5 Data Enrichment and Graph Formation

As soon as entity metadata is endured in Datomic, scheduled background processes take over to find and materialize relationships. These enrichment jobs run periodically, scanning for uncached or partially resolved entities (entities that exist solely as references with out full metadata).

The enrichment workflow:

Establish candidates: Discover entities marked as uncached or with unresolved references
Hydrate relationships: Question source-of-truth programs to fetch associated entity particulars
Materialize edges: Write found relationships again to Datomic
Re-index: Set off Elasticsearch indexing for up to date entities
Mark as enriched: Replace entity standing to forestall redundant processing

This asynchronous strategy permits MDS to deal with the computational value of graph formation with out blocking real-time occasion ingestion. It additionally permits retry logic and gradual enrichment as new entities develop into accessible.

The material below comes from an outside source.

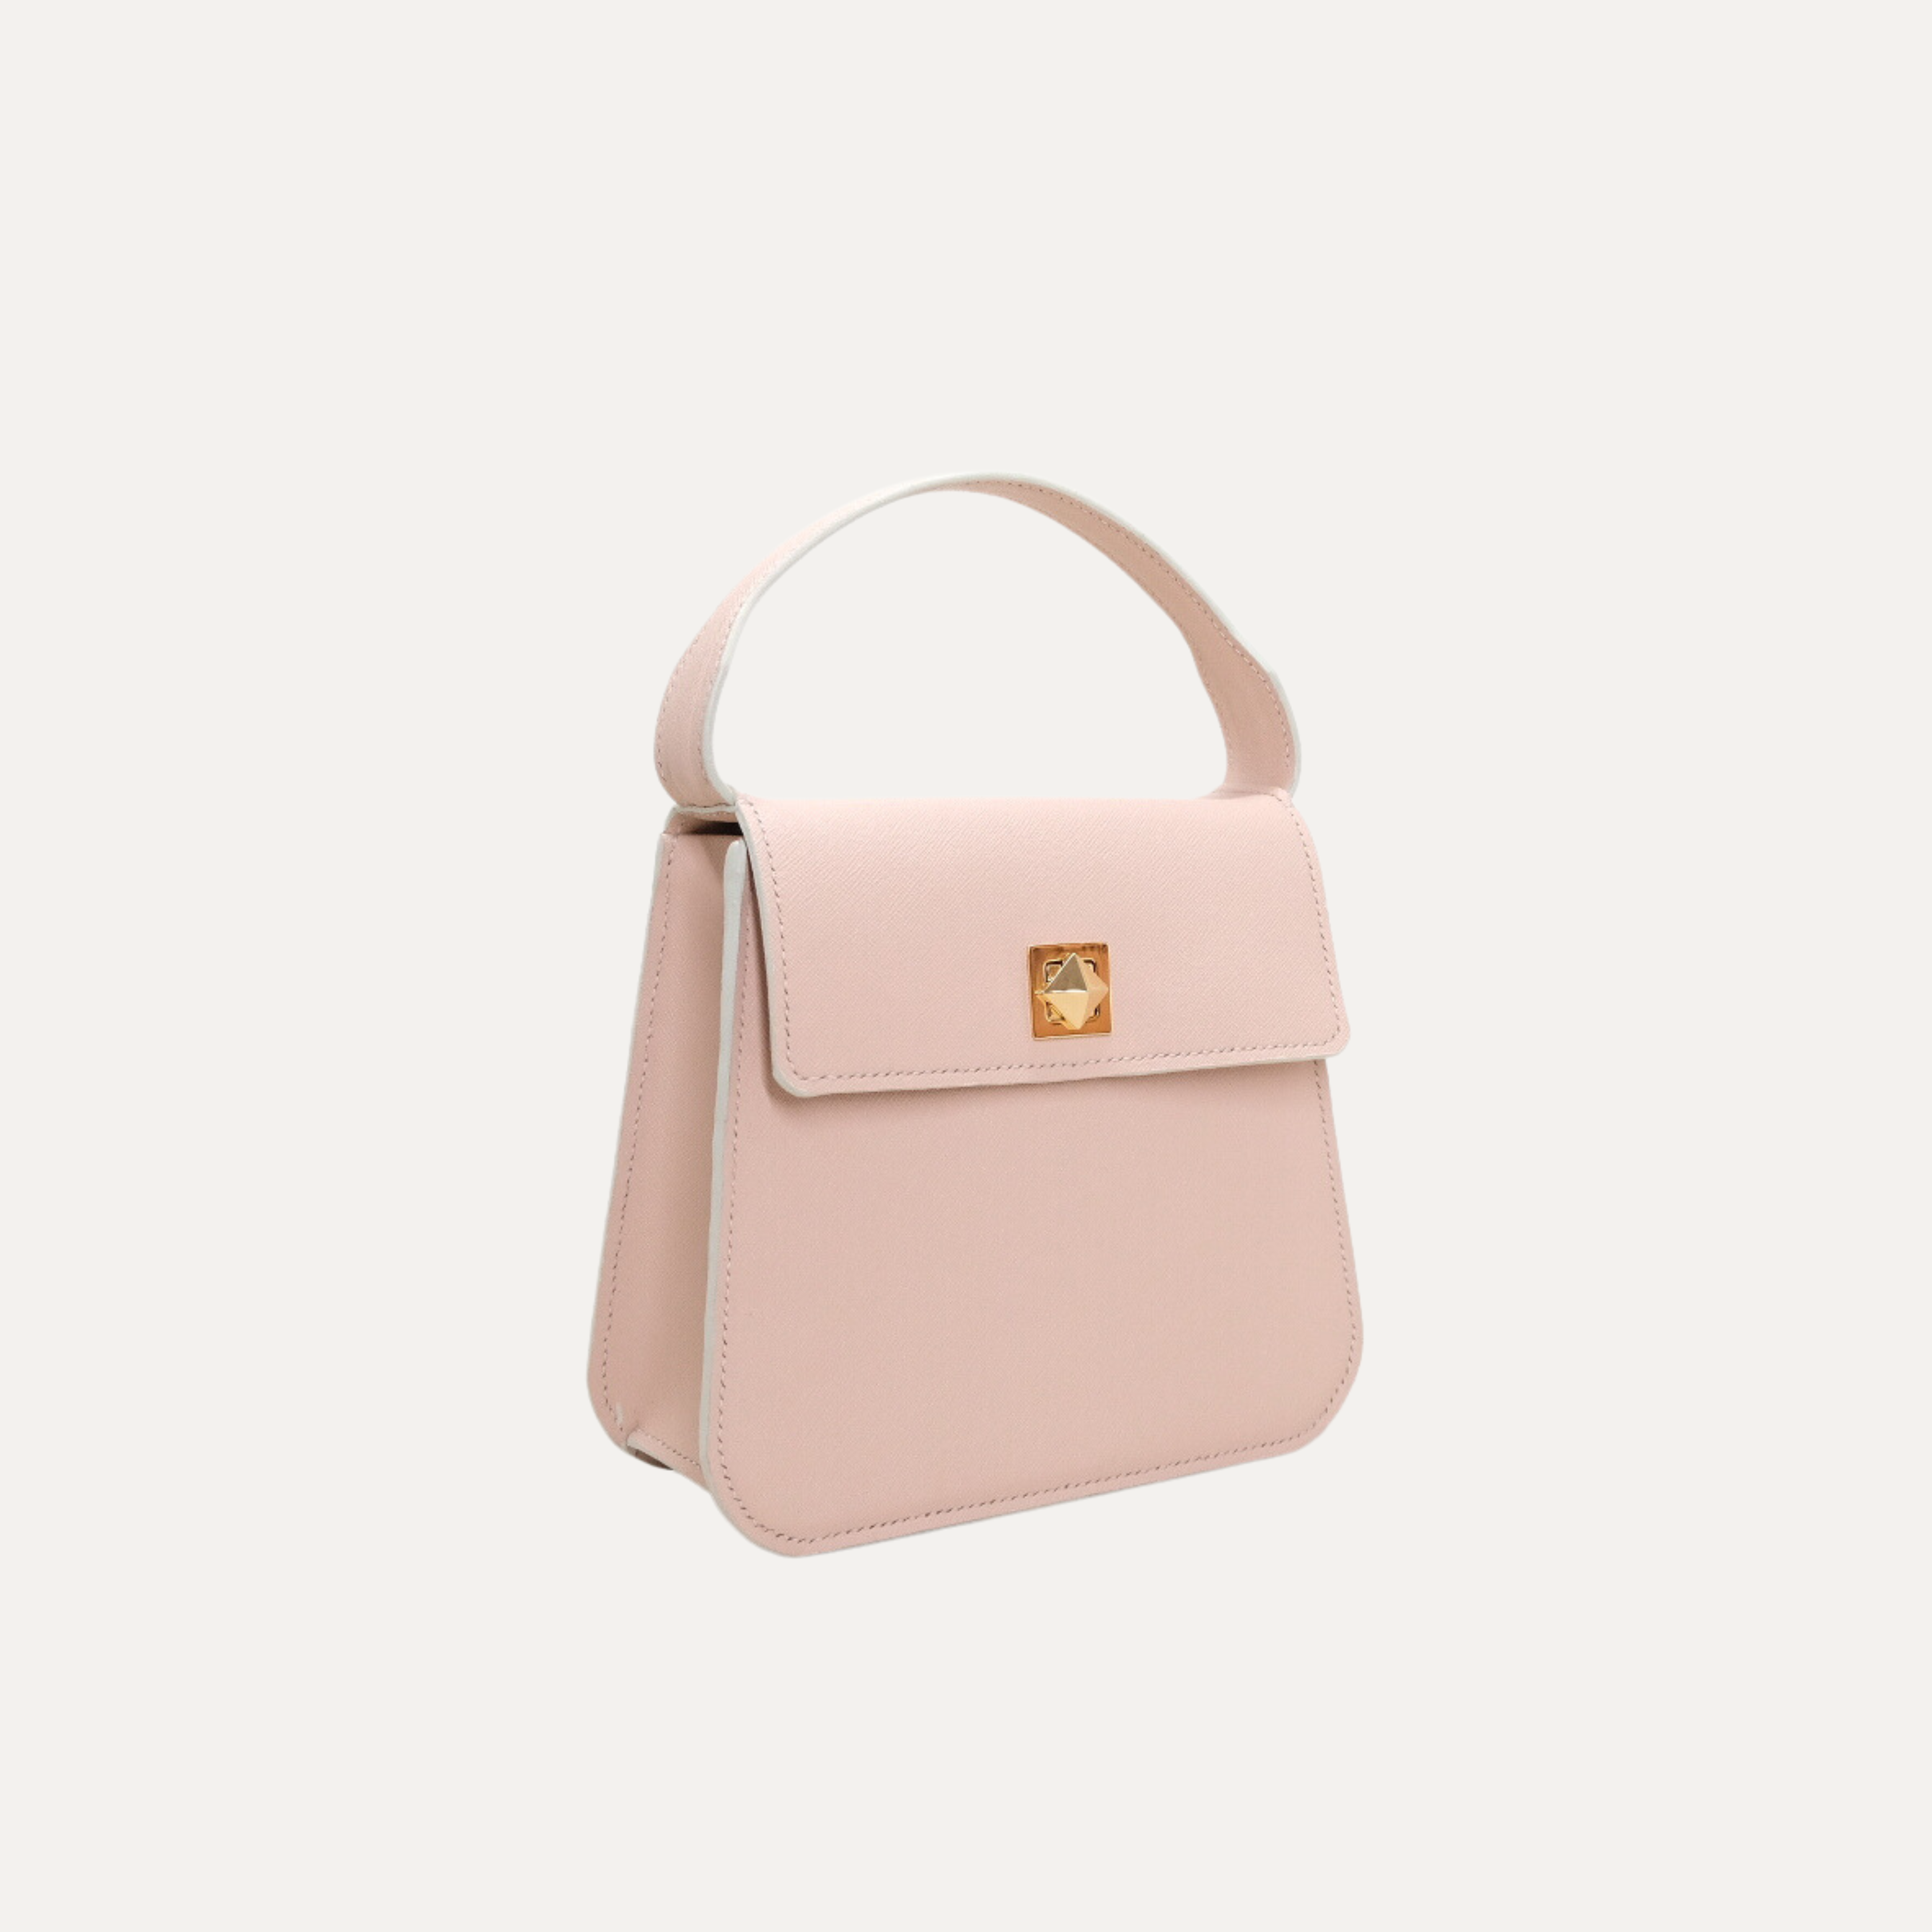 Blush pink genuine leather top-handle handbag made in Australia

As a result of enrichment is asynchronous, newly found relationships could seem with a brief delay after the underlying entities are created (sometimes minutes reasonably than seconds). We monitor when every entity was final enriched and floor this timestamp within the AIP Portal, so practitioners can cause about staleness and know when it’s protected to depend on a specific relationship for debugging or impression evaluation.

Why enrich? Supply programs are purpose-built and don’t find out about entities in different domains. Enrichment discovers and materializes cross-system relationships that allow highly effective lineage and impression queries.

Instance: Connecting Fashions to A/B Exams

When MDS processes a brand new mannequin occasion, background enrichment jobs uncover relationships by means of multi-hop inference:

Step 1: Direct hyperlink to pipeline

The mannequin references a pipeline_run_id. An enrichment job hydrates the pipeline and discovers its A/B take a look at associations: GET /api/v1/pipeline-runs/train-weekly-ranking-20XX0101

Response:

{
"run_id": "train-weekly-ranking-20XX0101", "pipeline":  "weekly-ranking-trainer",
"ab_test_cells": [
{"test_id": "12345","cell_number": 2,"cell_name": "treatment_ranking_v5"}
]
...
}

Step 2: Uncover A/B take a look at context
The enrichment job discovers the pipeline ran for A/B take a look at cell #2 and queries the Experimentation Platform for take a look at particulars: GET /api/v1/assessments/12345

{
"test_id": "12345",
"identify": "Rating Mannequin v5 vs v4",
"standing": "ACTIVE",
"cells": [{"cell_number": 1, "name": "control_ranking_v4"}],
...
}

Step 3: Infer transitive relationships
The enrichment job now has the whole chain:

Mannequin Occasion was produced by Pipeline Run
Pipeline Run was executed for A/B Take a look at Cell #2
The A/B Take a look at Cell #2 belongs to A/B Take a look at “Rating Mannequin v5 vs v4”
Mannequin Occasion now will get related to this A/B Take a look at

The job writes the inferred relationship again to Datomic and triggers re-indexing, and materializes these edges within the graph. MDS doesn’t simply retailer what it’s informed; it derives new information by strolling the graph within the background.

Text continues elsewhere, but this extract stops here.